**WHAT YOU NEED TO DO:**
Please return the full listing word for word, leaving out any pictures.

**DATA EXCERPT:**
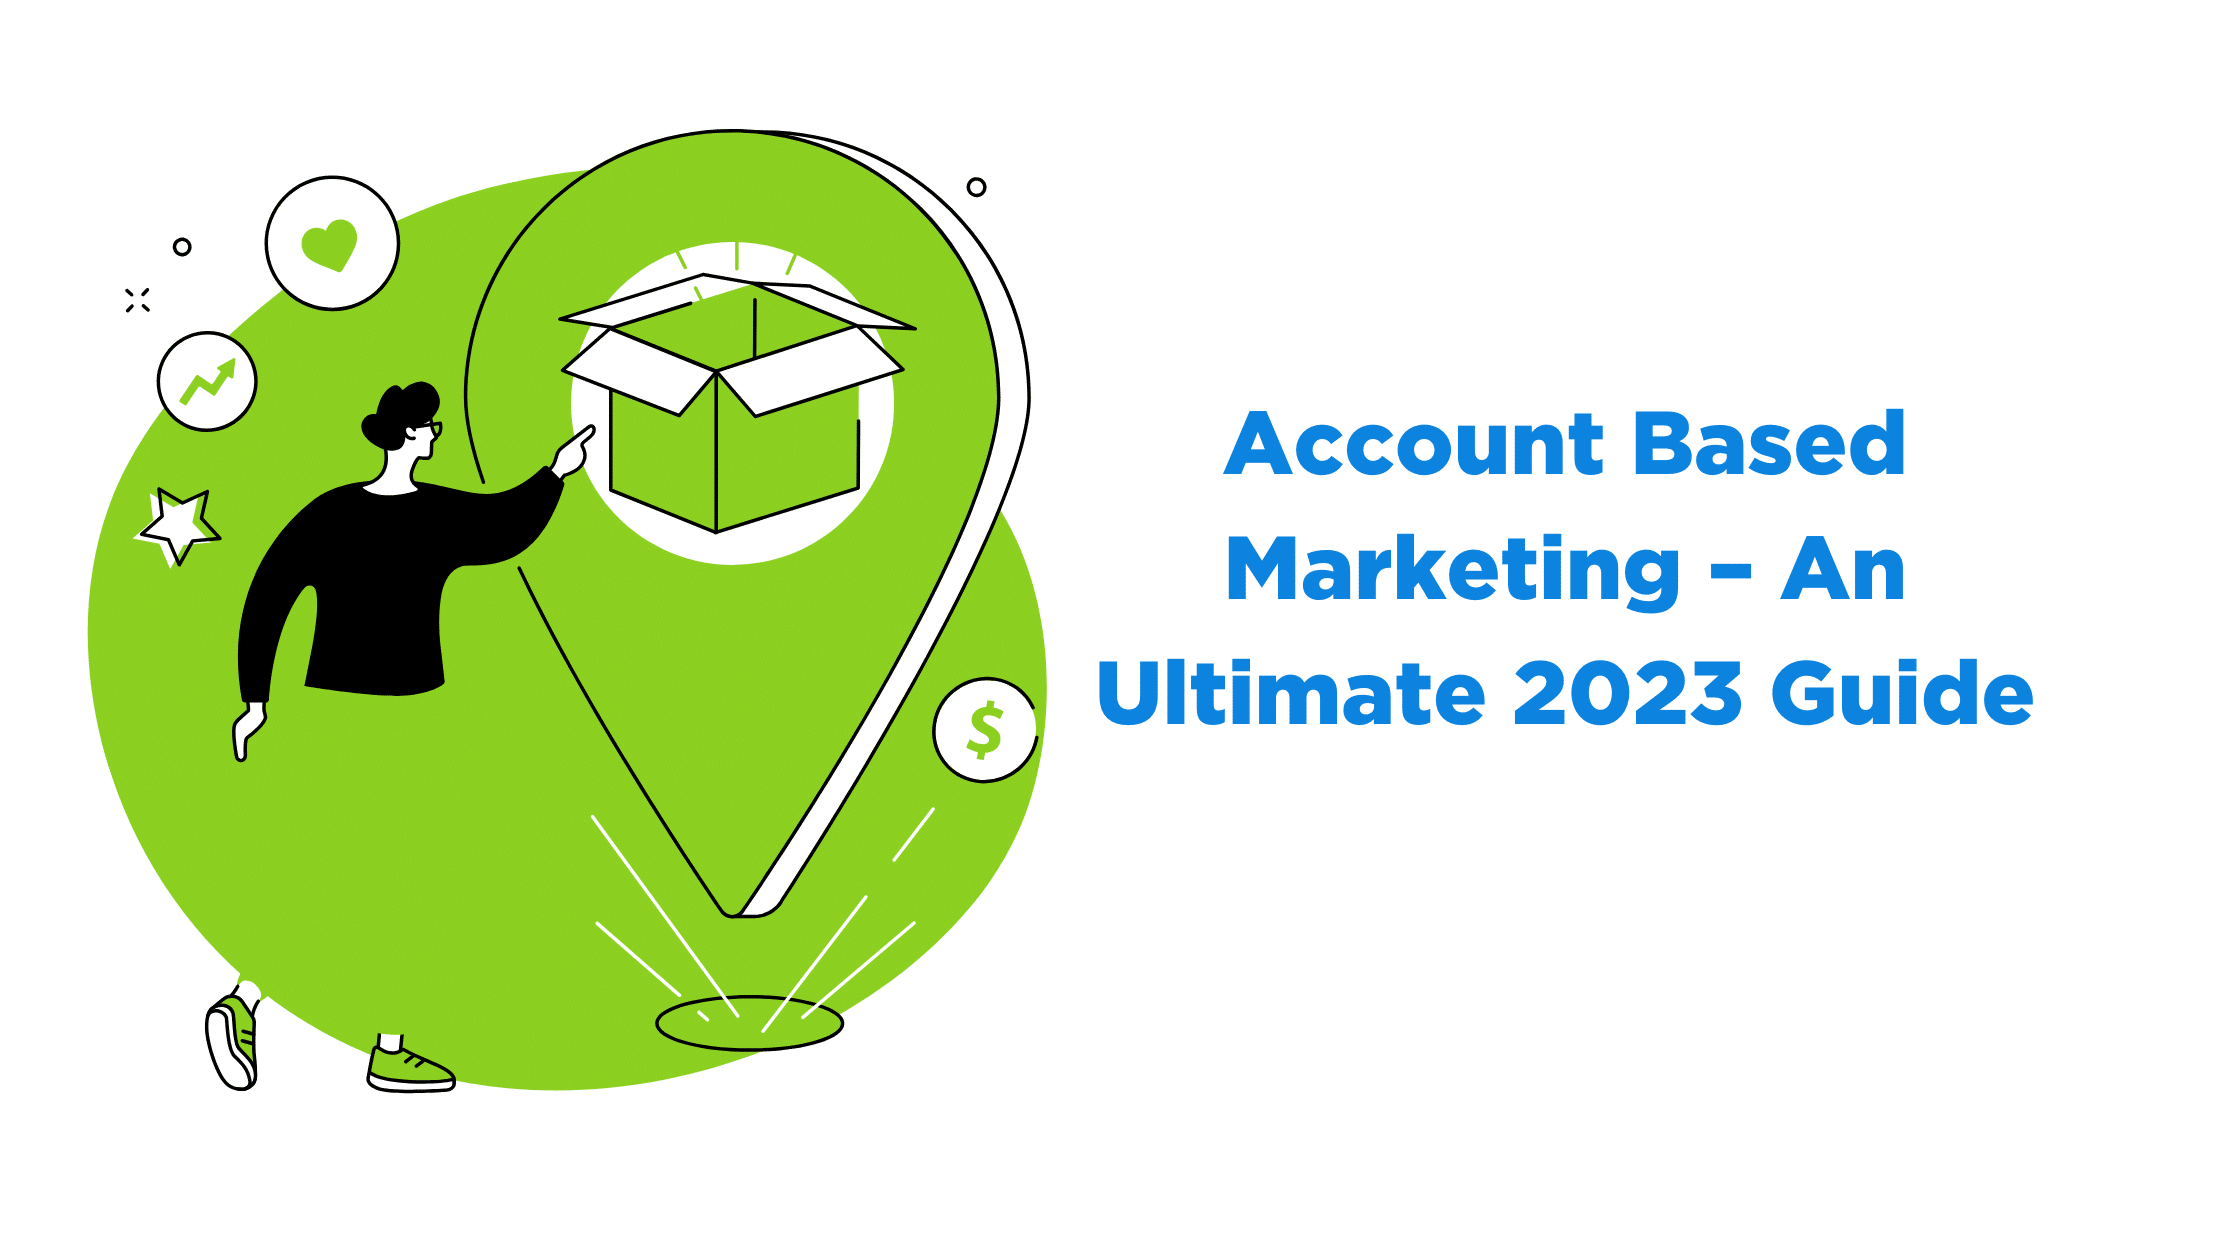 Account Based Marketing – An Ultimate 2023 Guide
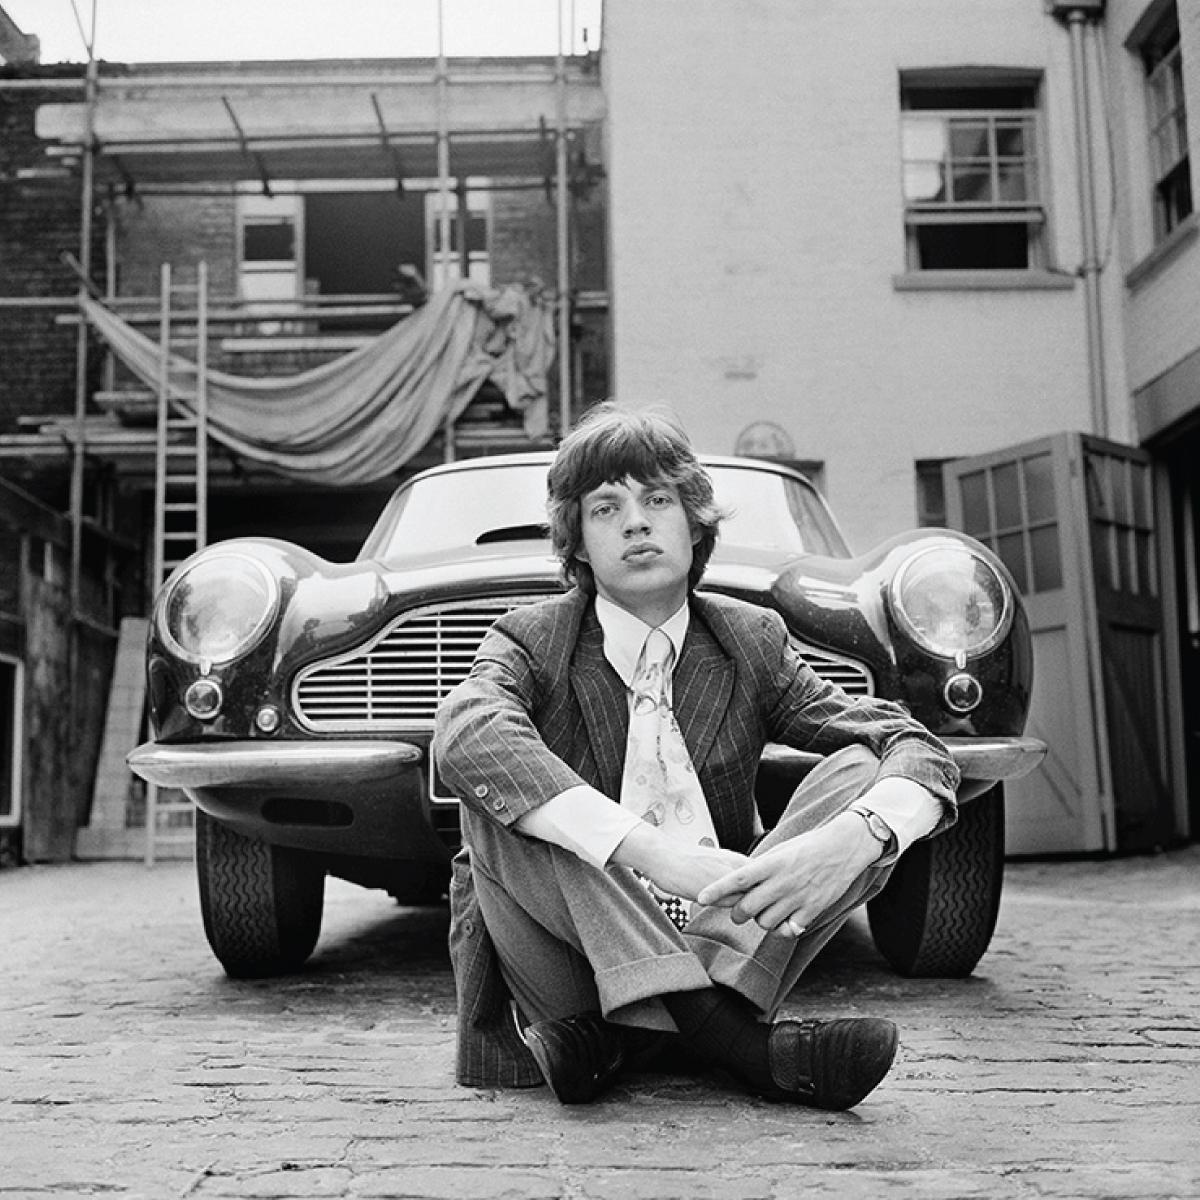 Mick Jagger of the Rolling Stones with his beloved Aston Martin DB6, taken outside his London apartment in 1966 by Gered Mankowitz.

"I shot a series of photographs of each member of the band at home so that they didn't have to endure strange

**EXERCISE SOLUTION:**
 Account Based Marketing – An Ultimate 2023 Guide
 Mick Jagger of the Rolling Stones with his beloved Aston Martin DB6, taken outside his London apartment in 1966 by Gered Mankowitz.

"I shot a series of photographs of each member of the band at home so that they didn't have to endure strange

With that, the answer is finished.